Dicta License is a Filipino rock band formed in December 1999, whose music is a fusion of rock, rap, and grunge. The band consists of Pochoy Labog on vocals, Bryan Makasiar on drums, Kelley Mangahas on bass, and Boogie Romero on guitar.

The band's name literally translates as "License to Speak", which can be aptly associated with the philosophical cum socio-political tone evident in their songs. The band's influences include Rage Against the Machine, Lauryn Hill, the Roots, Public Enemy, Incubus among many others, with RATM being their strongest influence of all.

== Career ==
In 2001, Warner Music Philippines included their songs "Duct Tape" and "Criminal" in its compilation album No Seat Affair, together with other bands such as Cog, DTS, Zooom, Six Digit and Euglito's Eye. In the same year, the band was invited to the Busan International Rock Festival in Korea, where they performed in front of a crowd of about 25,000.

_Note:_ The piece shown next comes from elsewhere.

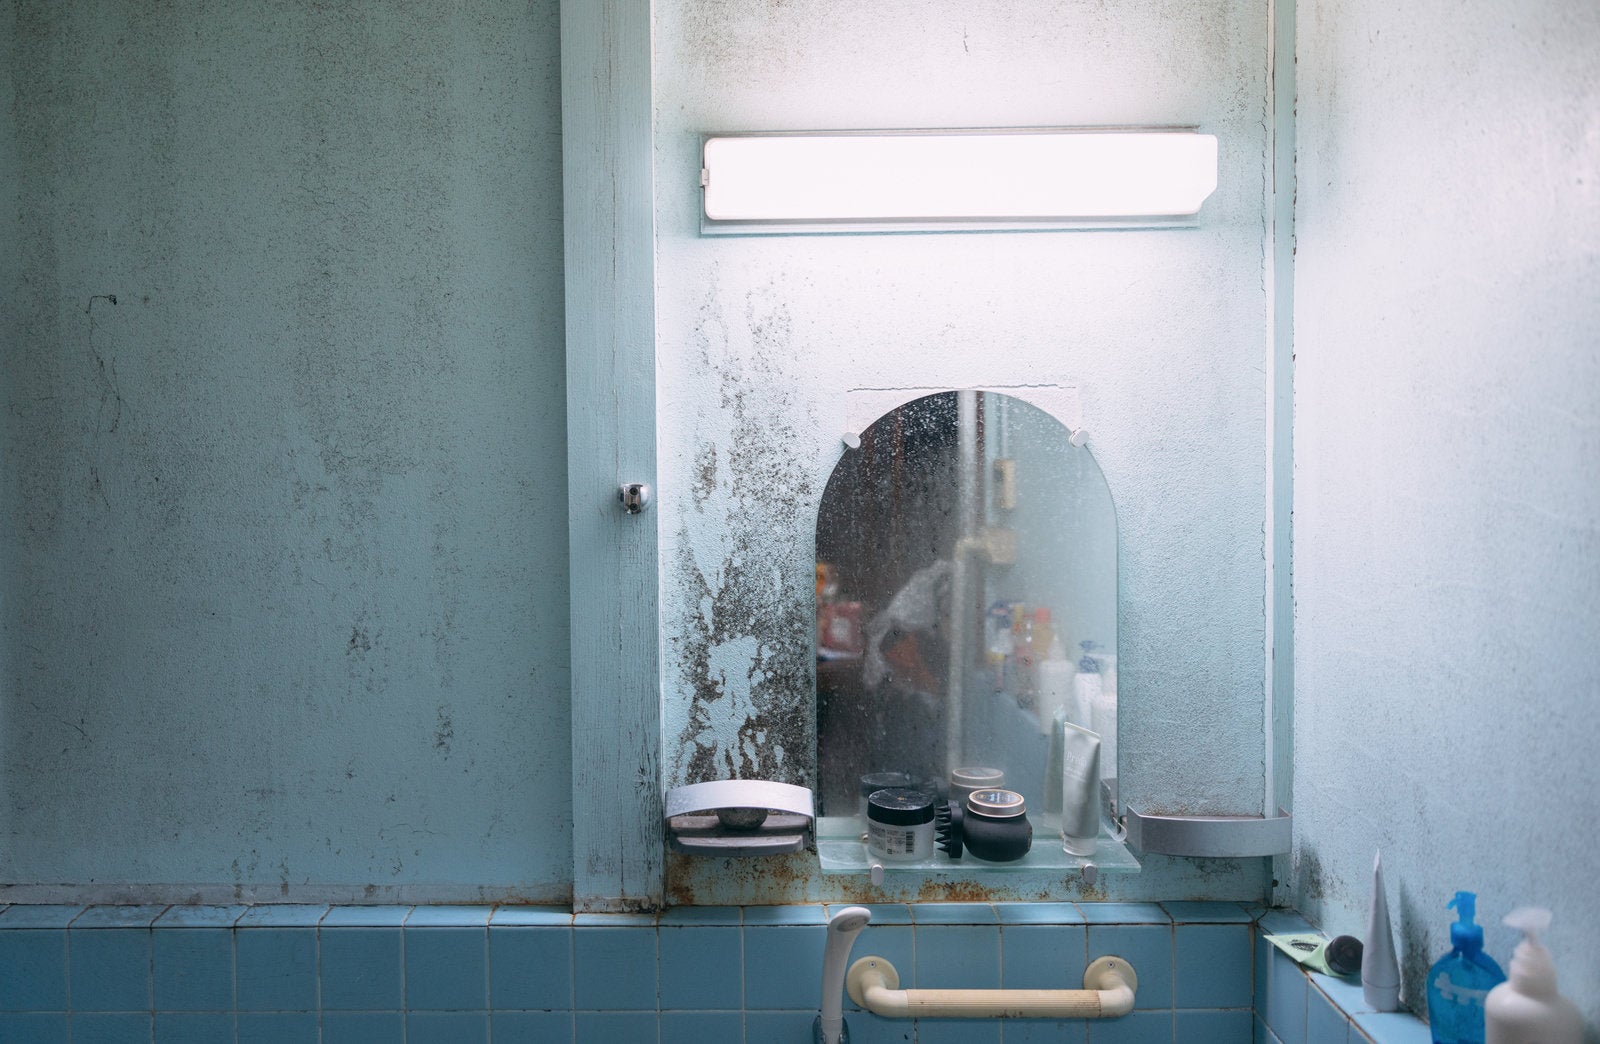 「壁のカビと薄汚れた風呂場の鏡」の写真

In 2003, they released a 5-song EP which consisted of their original songs "Burning Streets of Love and Hate", "Criminal", "Smoke Under the Table", "Falling Earth" and "Undiscarded". Two years later, the band released their first album Paghilom under Warner Music Philippines on September 21, 2005. It consisted of ten tracks with lyrics that explicitly address the Filipino youth with issues of socio-political concern. Their carrier single from this album, "Ang Ating Araw" was the most played song on NU 107 for the year 2005. On April 9, 2021, the band released their second album Pagbigkas as a digital release and a Limited Edition and numbered pressing vinyl of the album was released on May 25, 2022.

==Achievements==
Band recognitions include nominations at the MTV Pilipinas Video Music Awards 2006 for Best Cinematography in a Video and Best Production Design in a Video for their song, "Complex". Vocalist Pochoy Labog was nominated at the NU 107 Rock Awards 2006 for Vocalist of the Year and Best Male, and Boogie for Guitarist of the Year. The band was also nominated for the Rising Sun award.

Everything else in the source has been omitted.